Dawa Steven Sherpa () is a Nepalese  Sherpa adventurer, entrepreneur and environmentalist, who has scaled Mount Everest three times, as well as other himalayan peaks such as Mount Kanchenjunga, Mount Lhotse, Mt. Cho Oyu, Mount Manaslu, and Mount Pumori He has trekked the entire length of the Nepal Himalaya along the Great Himalaya Trail. He was born in March 1984 and graduated from Heriot-Watt University Scotland with an Honours Degree in Business Administration. Dawa Steven's father, Ang Tshering Sherpa, is a Nepalese Sherpa, and his mother a Belgian. He speaks six languages: Dutch, Nepali, English, Hindi, German and Chinese. Dawa Steven runs Asian Trekking Pvt. Ltd, established by his father in 1982.

His work in the field of environmental protection have been recognised by the International Olympic Committee, World Wildlife Fund (WWF), The Sir Edmund Hillary Foundation of Canada, the International Mountaineering & Climbing Federation (UIAA), and the International Union for Conservation of Nature (IUCN). He started the 'Cash for Trash' cleanup campaign on Everest.

Dawa Steven was featured in WWF-hosted TEDx talk in 2011.

In the aftermath of the devastating earthquake of 2015 in Nepal, Dawa Steven established and led the “Resilient Homes” project, which has built over 700 temporary houses for poor rural families who lost their homes in the disaster. For this work, Dawa was officially recognized for “his extraordinary leadership and immense contribution towards the needy community members “ by the National Reconstruction Authority, Government of Nepal.
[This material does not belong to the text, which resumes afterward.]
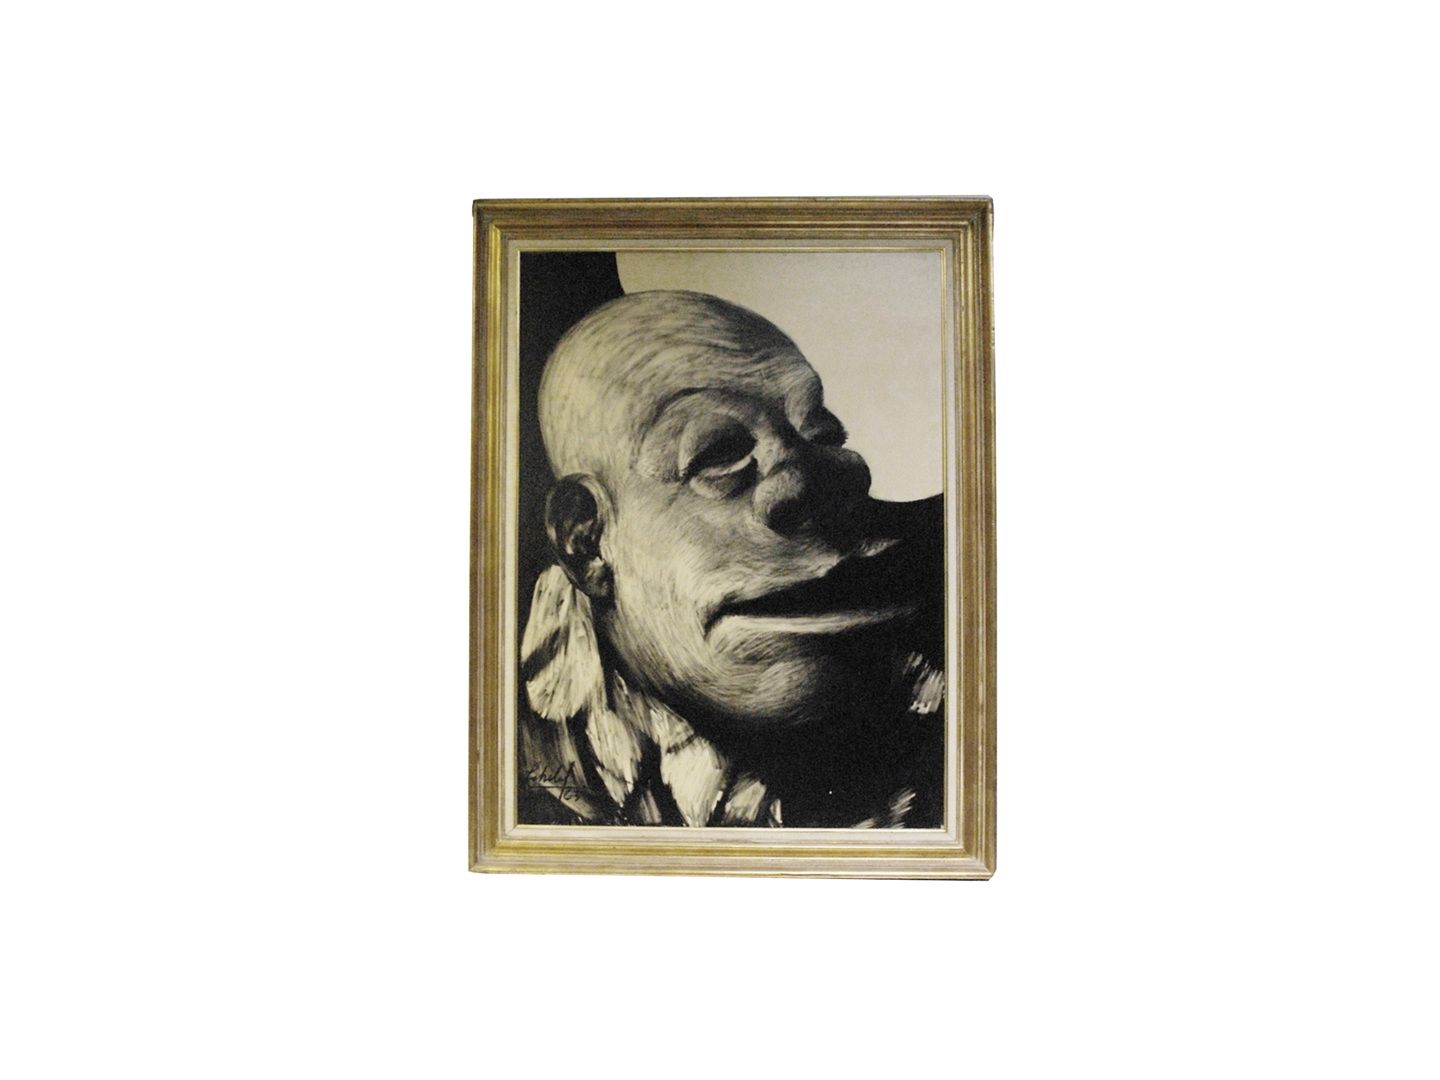 Null 签名为Maurice SCHELCK [1906-1987]和日期为63的油画《老人》尺寸为122 x 90厘米。
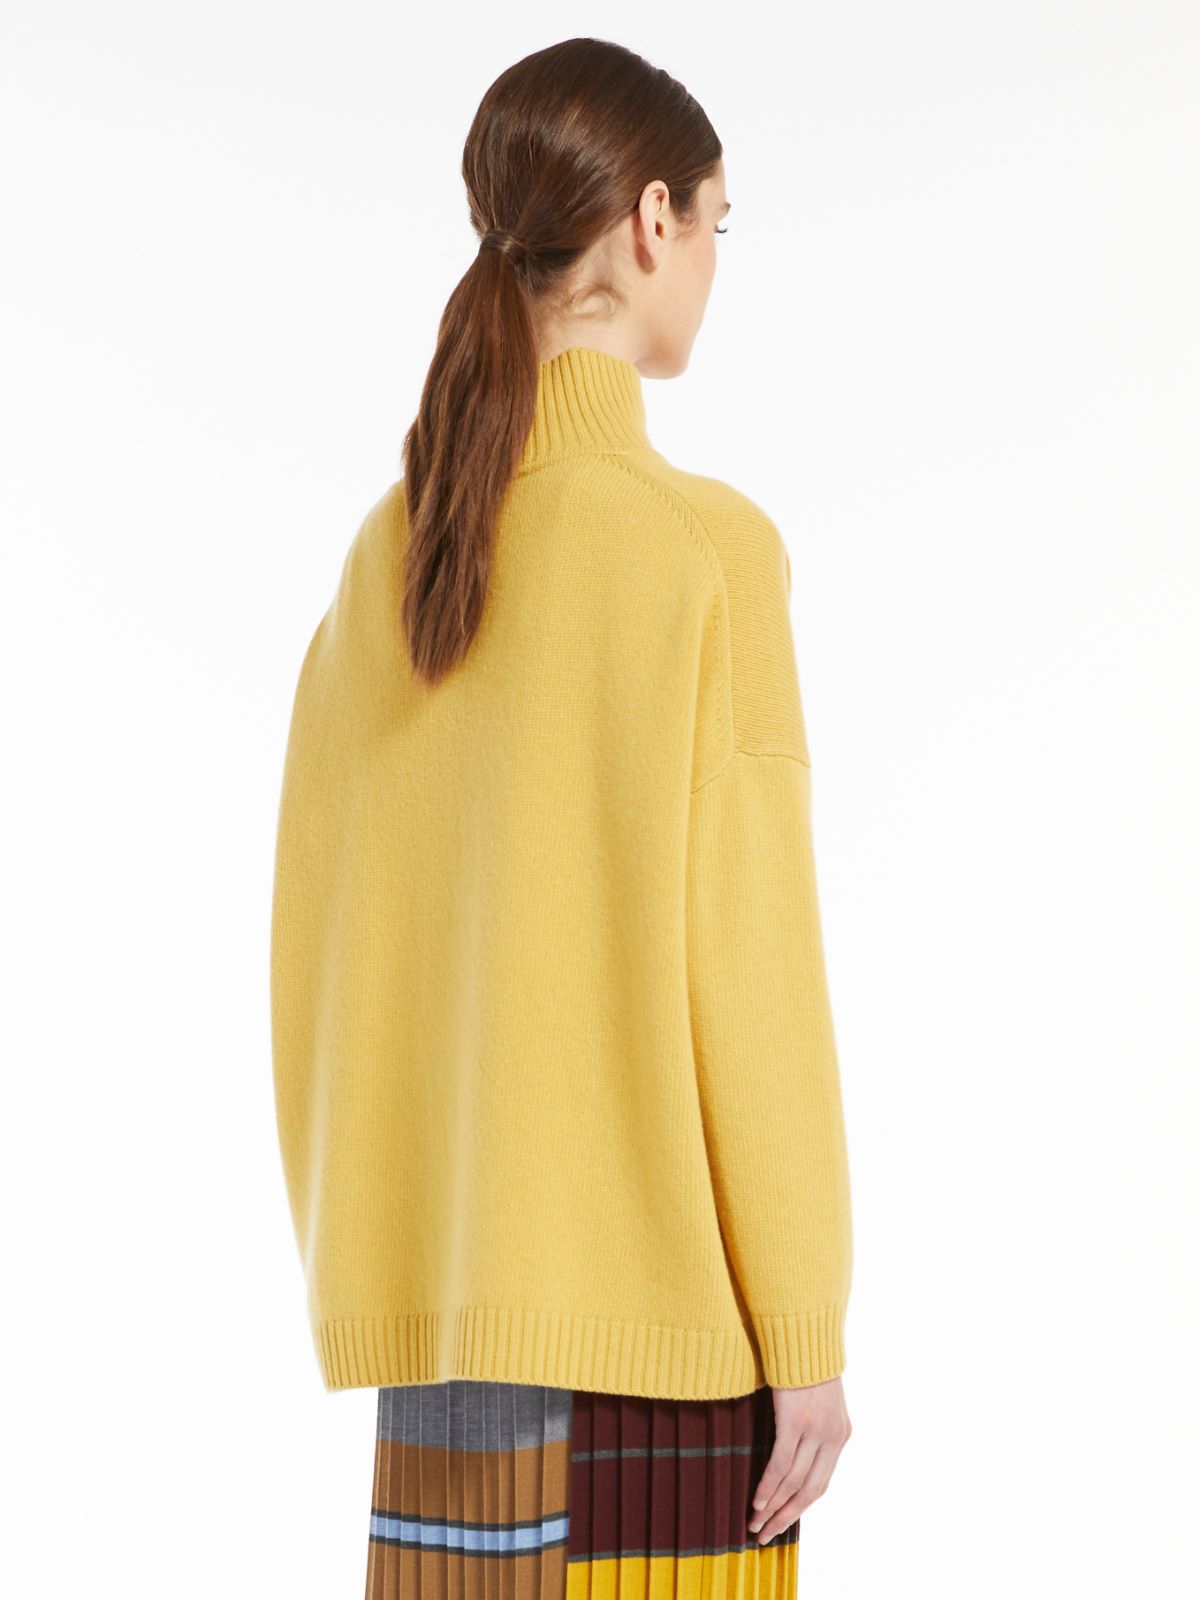 Carded wool sweater - YELLOW - Weekend Max Mara - 3

Dawa Steven established Astrek Climbing Wall in the center of Kathmandu. Astrek Climbing Wall sponsors and conducts the training of the Nepali national climbing team, who have now represented Nepal in various international competition, including the Climbing World Cup.

Dawa and his late business partner Ted Atkins established TopOut Nepal Pvt. Ltd.

He was the drop zone safety officer and logistics in charge of the world's highest parachute landing at 20,200 ft on 27 October 2019.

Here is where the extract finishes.